Landwirtschaftliche Rentenbank

Guter Start 2008: Förderkredite und operatives Ergebnis wachsen zweistellig

Frankfurt am Main (ots) -

   - 1. Quartal 2008: 46 % mehr Sonder- und Programmkredite zugesagt,
     Emissionsgeschäft mit höheren Margen, operatives Ergebnis 17 % 
     über Vorjahr (HGB) 
   - Geschäftsjahr 2007: Fördervolumen wächst um 6,5 % auf 59,1 Mrd 
     EUR, Zinsüberschuss und Betriebsergebnis (vor Bewertung) über 
     Vorjahr (HGB u. IFRS), IFRS-Bewertungskorrekturen sind stille 
     Reserven, kein Subprime-Engagement, Cost-Income-Ratio 16,3 % 

Mit dem bisherigen Verlauf des Geschäftsjahres 2008 zeigte sich Dr. Marcus Dahmen, Sprecher des Vorstandes der Landwirtschaftlichen Rentenbank, Frankfurt am Main, anlässlich der Bilanzpressekonferenz der Förderbank für die Landwirtschaft und den ländlichen Raum sehr zufrieden. "Sowohl das Fördervolumen als auch das operative Ergebnis entwickelten sich im 1. Quartal hervorragend", so Marcus Dahmen. Bis Ende März konnten bereits 5,6 Mrd EUR (3,6) neue Förderfinanzierungen abgeschlossen werden, rd. 50 % mehr als im 1. Quartal des Vorjahres. Die Wachstumsimpulse gingen sowohl von den allgemeinen Förderkrediten und den verbrieften Finanzierungen als auch den besonders zinsgünstigen Sonder- und Programmkrediten für spezielle Förderzwecke und Hilfsmaßnahmen aus. In den ersten drei Monaten konnten bereits 908 Mio EUR (621) Sonder- und Programmkredite neu zugesagt werden. Eine positive Bilanz zog Dahmen auch für das Emissionsgeschäft und die Ergebnisentwicklung im 1. Quartal: "Wir verfügen über einen hervorragenden Zugang zu Kapitalmarktmitteln. Vom gesamten voraussichtlich 11 Mrd EUR betragenden mittel- und langfristigen Emissionsbedarf (Laufzeit über 2 Jahre) des Jahres 2008 haben wir bis Ende März bereits 4,8 Mrd EUR (5,4) beschafft. Unsere Passivmarge konnte gegenüber dem Vorjahr weiter gesteigert werden. Nicht zuletzt aufgrund der günstigen Refinanzierungsbedingungen wuchs das operative Ergebnis nach HGB in den ersten drei Monaten um 17 % auf 60,6 Mio EUR (51,8).
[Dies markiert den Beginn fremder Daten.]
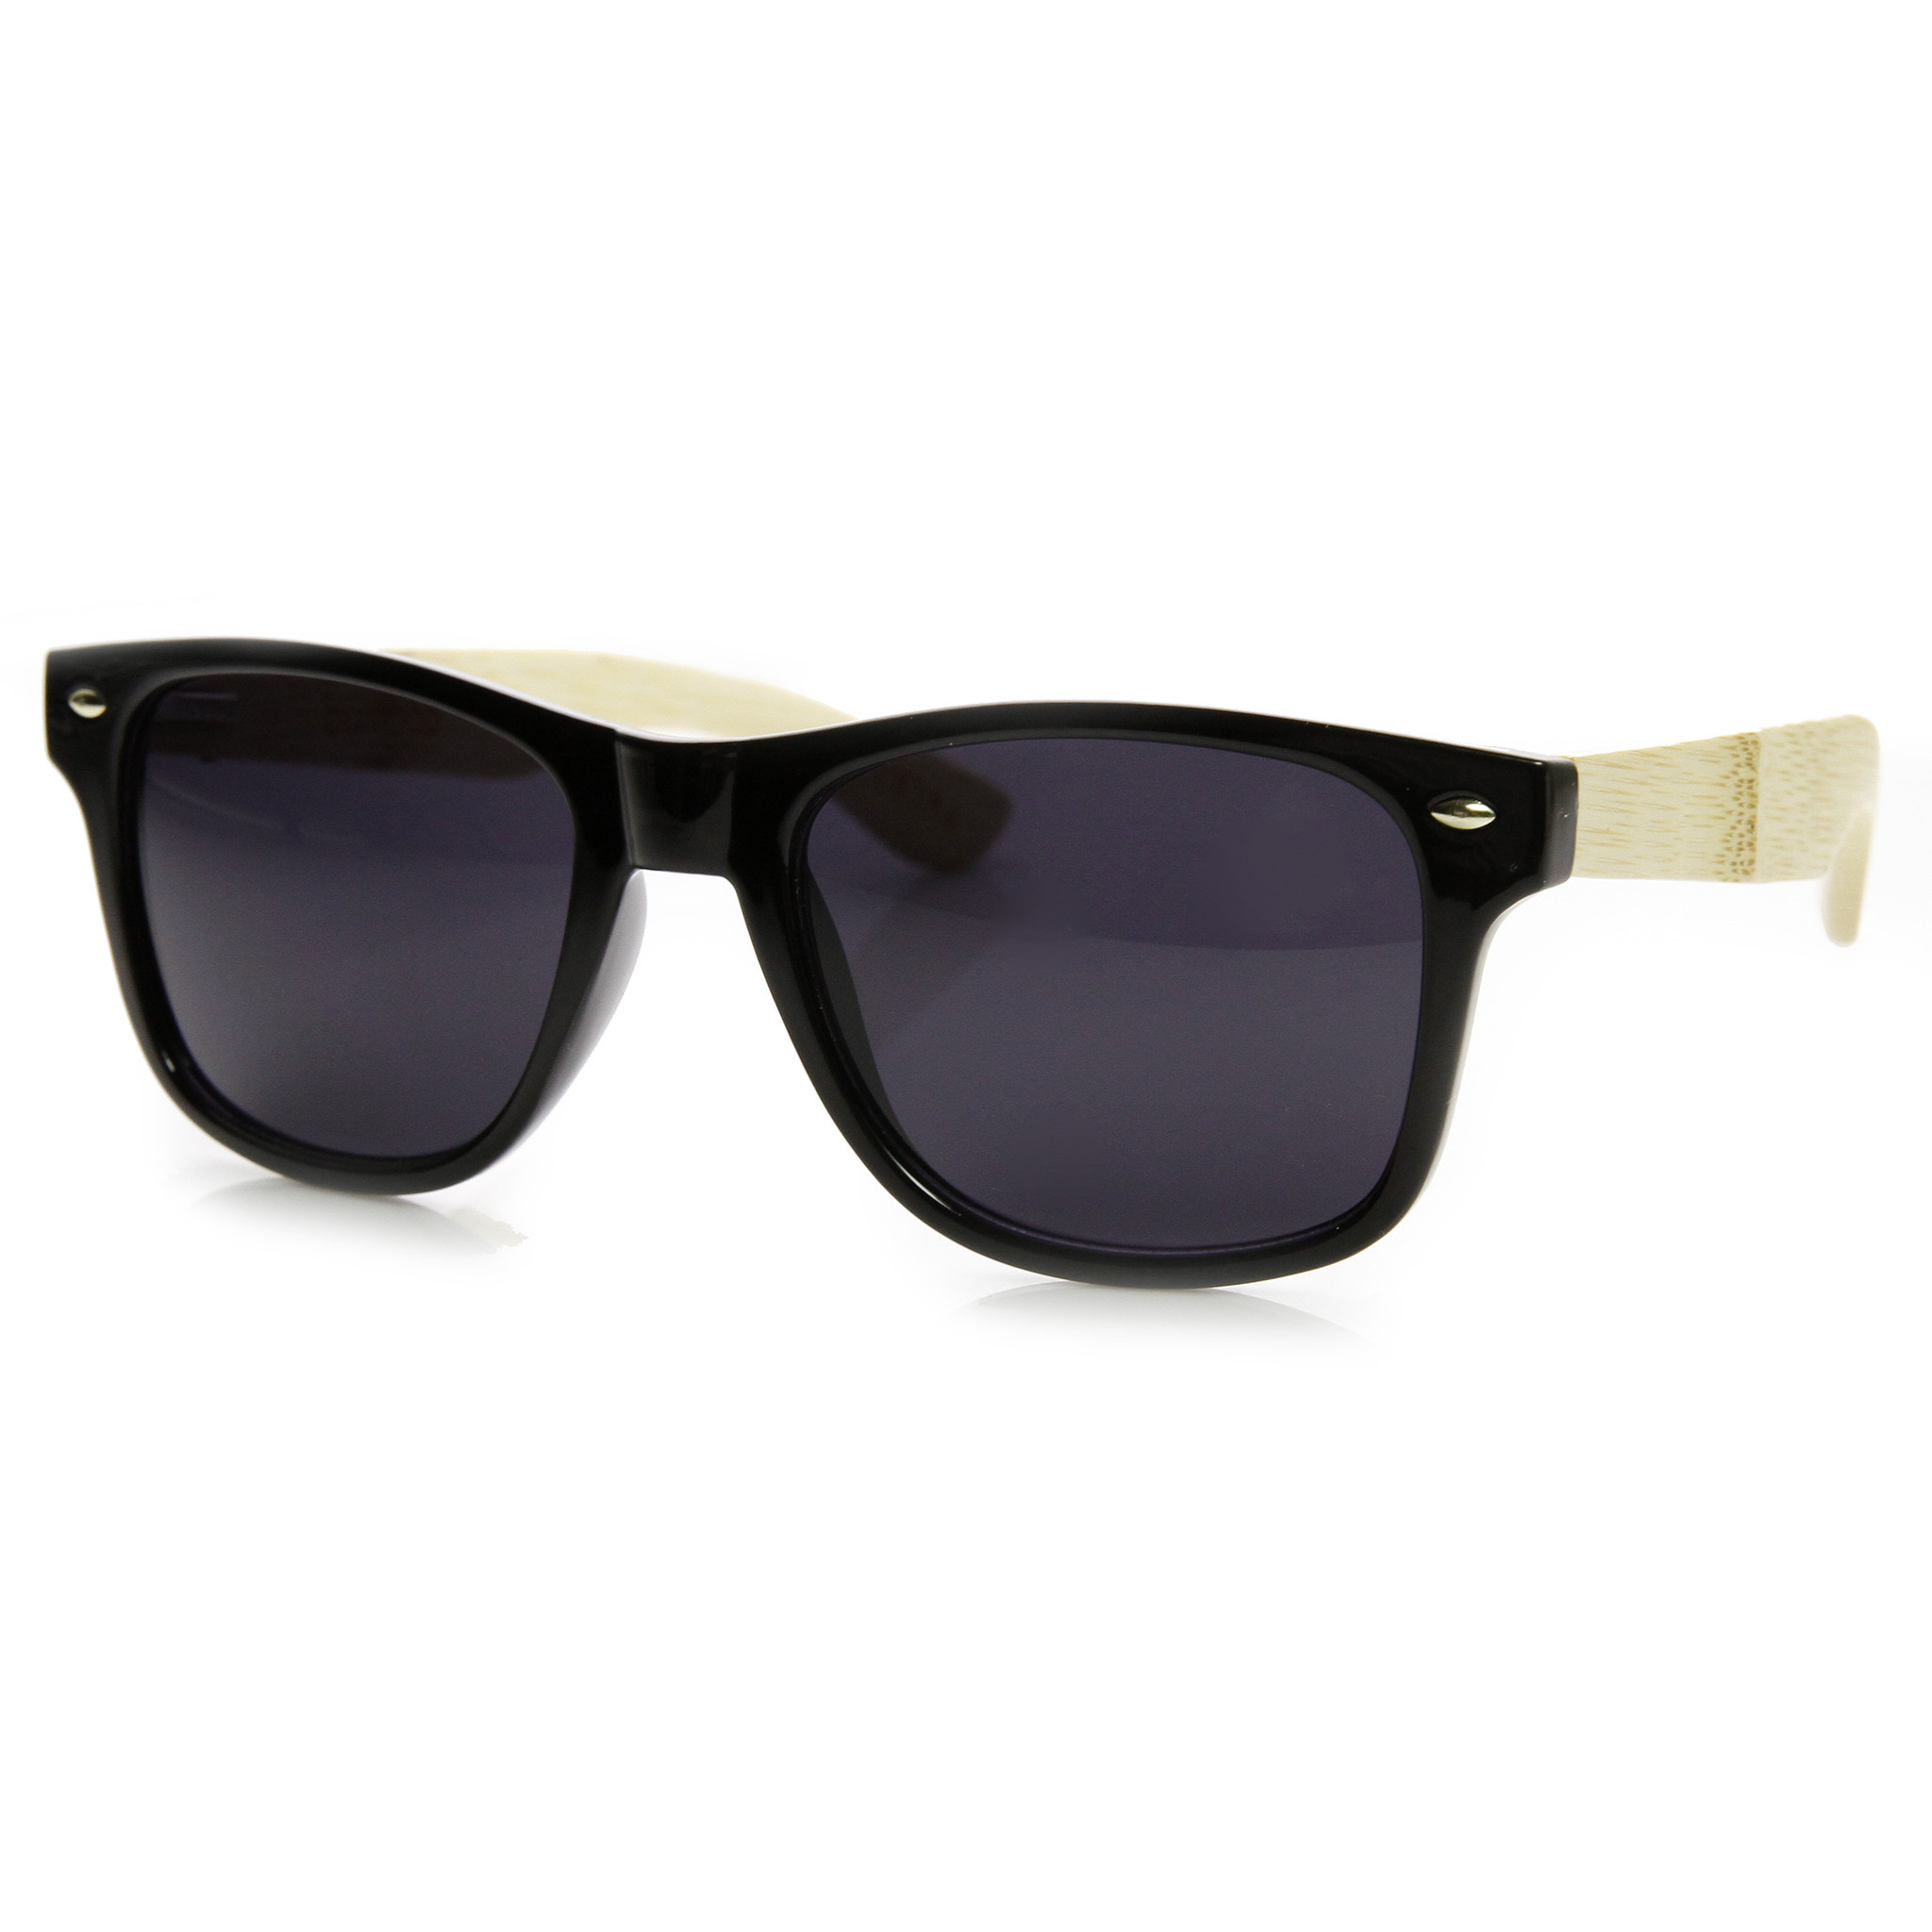 Eco Friendly Large Genuine Bamboo Wood Temple Wayfarer Sunglasses 9304

Gerade in Zeiten der Krise bewährt sich damit unsere auf Nachhaltigkeit angelegte Strategie". Die Förderbank ist nach Angaben des Vorstandes nicht im Subprime-Markt engagiert und verzeichnet keine Zahlungsausfälle im Kreditgeschäft oder bei Wertpapieren. Dennoch führen die Marktverwerfungen durch die Finanzmarktkrise zu temporären Bewertungskorrekturen in der IFRS-Bilanz. "Wir erwarten, dass diese spätestens bei Fälligkeit gewinnsteigernd wieder aufgelöst werden können", so Marcus Dahmen. Für die weitere Ergebnisentwicklung im laufenden Jahr zeigt er sich deshalb optimistisch: "Wir sind zuversichtlich, das sehr gute Ergebnis des Geschäftsjahres 2007 sowohl hinsichtlich der Ertragsentwicklung als auch in Bezug auf unsere Förderaktivitäten wieder erreichen zu können".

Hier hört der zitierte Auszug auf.